Enhanced recovery after surgery in the application of day surgery laparoscopic cholecystectomy
10.3670.cma.j.issn.1007-631X.2019.11.017
- VernacularTitle: 加速康复外科措施在日间腹腔镜胆囊切除术中的应用
- Author:
Qiang GUO
1
;
Aji TUERGANAILI
1
;
Shuai DUAN
1
;
Bo RAN
1
;
Tiemin JIANG
1
;
Ruiqing ZHANG
1
;
Yingmei SHAO
1
Author Information
1. Department of Hepatobiliary & Hydatid Disease, Digestive & Vascular Surgery Center, First Affiliated Hospital, Xinjiang Medical University, Urumqi 830054, China
- Publication Type:Journal Article
- Keywords:
Hospital, convalescent;
Cholecystectomy, laparoscopic;
Perioperative period
- From:
Chinese Journal of General Surgery
2019;34(11):972-975
- CountryChina
- Language:Chinese
-
Abstract:
Objective:To investigate the feasibility and safety of the concept of enhanced recovery after surgery (ERAS) in the perioperative application of ambulatory laparoscopic cholecystectomy (ALC).
Methods:A retrospective analysis was made on 168 patients (ALC group) undergoing ALC in the daytime ward from Aug 2017 to Aug 2018 in our hospital vs conventional laparoscopic cholecystectomy CLC in the general ward in 165 patients (CLC group) . Clinical data, operation time, intraoperative blood loss, conversion to laparotomy, postoperative complication, readmission, pain score after 6h, patient satisfaction, first postoperative anal exhaust, average length of hospital stay, and hospitalization expenses were compared between the two groups.
Results:In the ALC group, the pain score, the first anal exhaust time, the average length of hospital stay, and the hospitalization cost were significantly lower than those in the CLC group.
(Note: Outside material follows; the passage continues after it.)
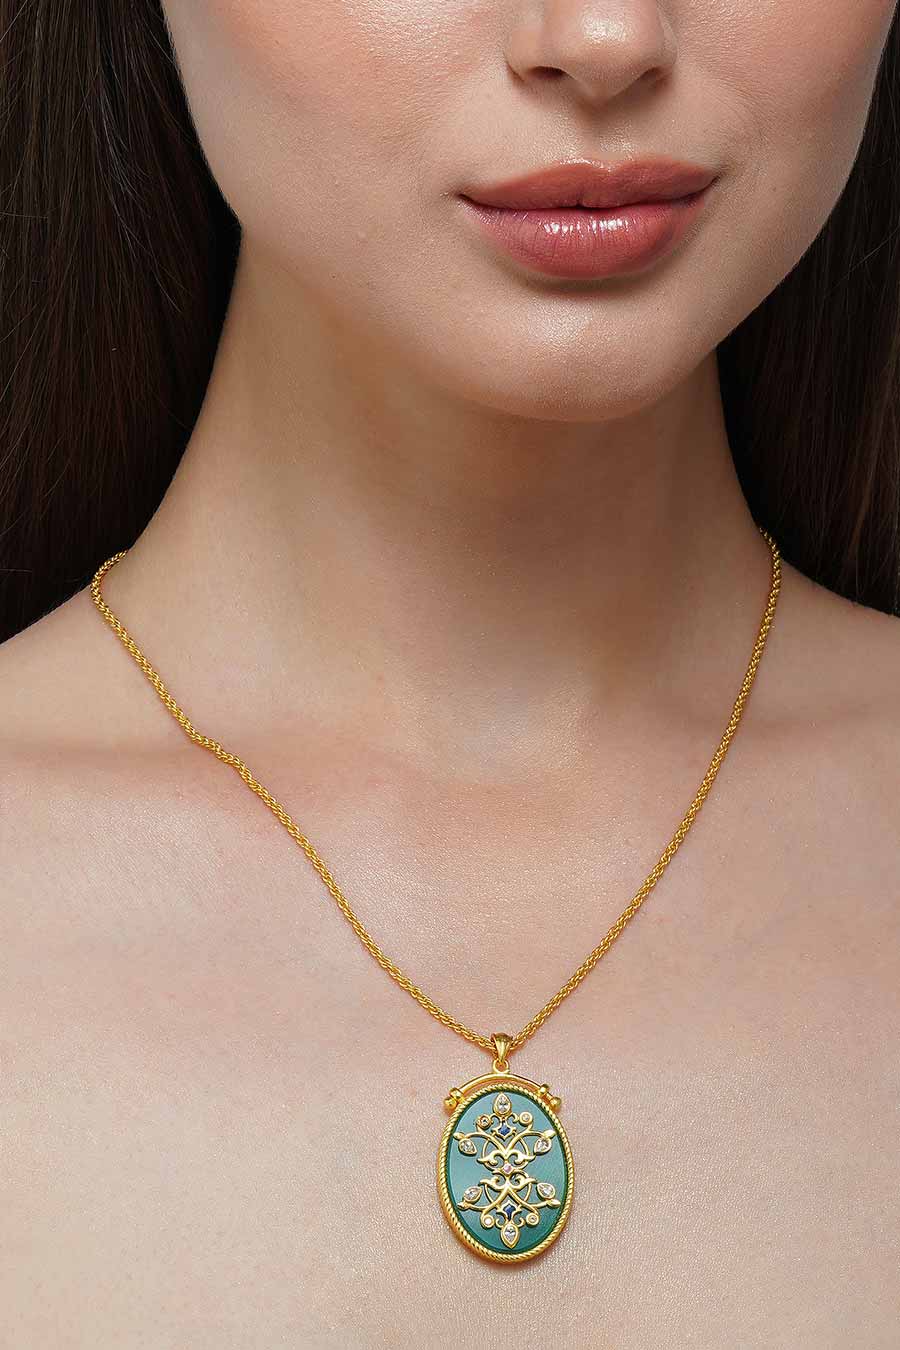 Onyx Refection Of You Gold Plated Pendant Necklace

Compared with the CLC group, the satisfaction of patients in the ALC group was significantly improved. There was no significant difference in the incidence of postoperative complications (biliary leakage, postoperative bleeding, bile duct injury, infection of the incision) and readmission rate.
Conclusion:Use of enhanced recovery after surgery in laparoscopic cholecystectomy in day surgery is safe and feasible. It has many advantages such as reducing hospitalization costs and postoperative pain and accelerating postoperative recovery.